Billy Sloan was accustomed to any manner of gallus corner boys sticking cassettes in his hands or his pockets, but the vast majority were rubbish. Nothing about these two dripping-wet chancers hinted at a different outcome. But like everyone in the music industry, the DJ was driven by the chance discovery of the next big thing. So he took the tape, promising to listen to it, but nothing further.

Max Mojo grunted a profanity, but Grant Delgado politely said thanks.
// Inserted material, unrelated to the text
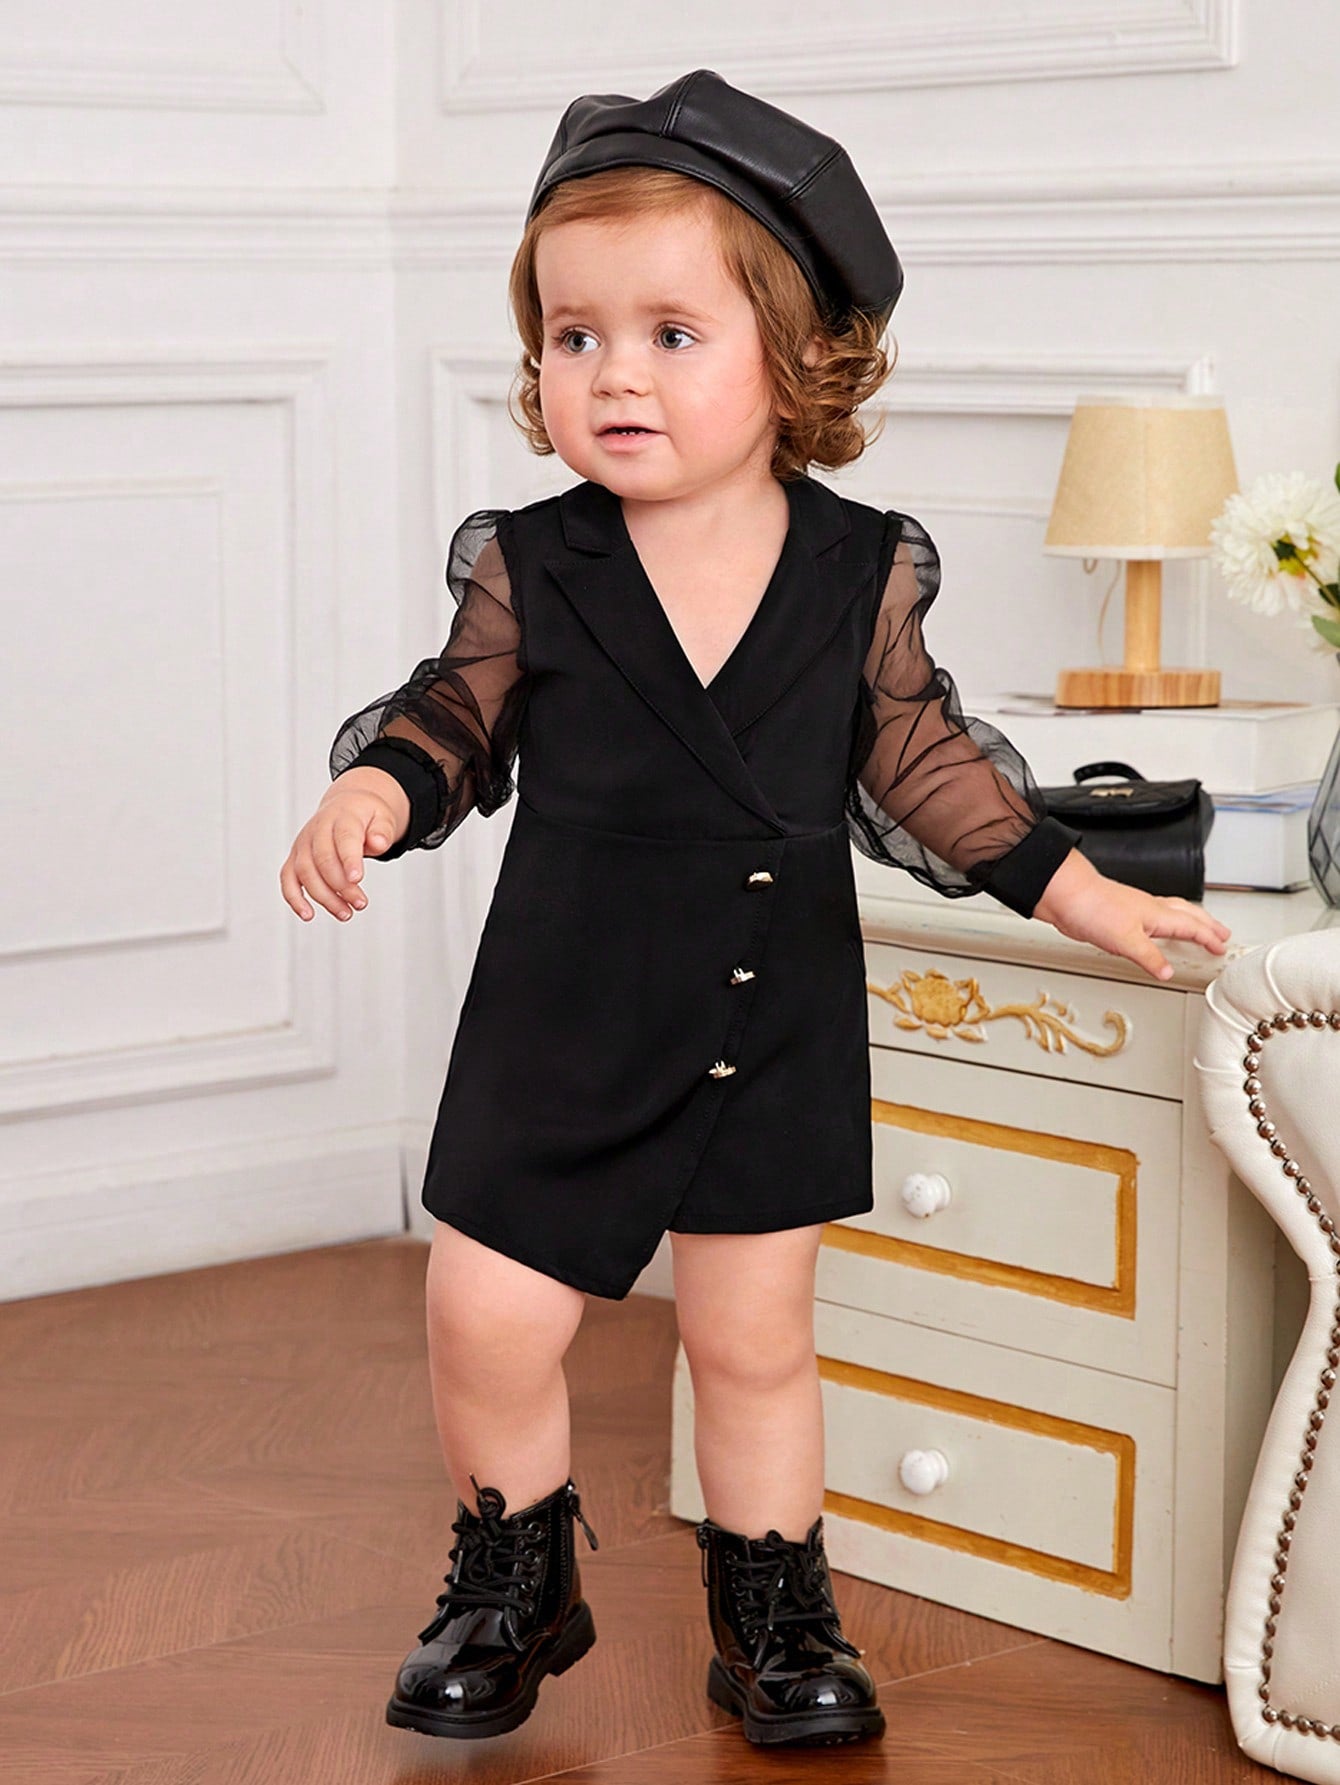 Infant Girls' Lovely Style Solid Color Spliced Mesh & Asymmetrical Hem Romper With Buttons Detail

Max and Grant hung around the nightclub to see a new band called The Big Wheel, led by the Stiff Little Fingers frontman Jake Burns. They rattled through a lacklustre set. Grant knew The Miraculous Vespas had better songs and more attitude already. They should’ve been playing here on the Glasgow circuit, rather than paying opportunistic roadies well over the odds to jump the queue to get in. They only had enough money for one pint, and they shared it. They had missed the last bus back to Kilmarnock and spent a frozen night shivering in the dark, dead shadows of Anderston Bus Station, amongst the pimps and the prostitutes. With his last pieces of change, Grant finally got hold of Maggie from a telephone box the next morning and she drove up to Glasgow in the Campervan to pick them up. As they drove down Argyle Street, Max looked forlornly out the back window. It was grey, dull and hammering down in stair-rods. He was still shivering.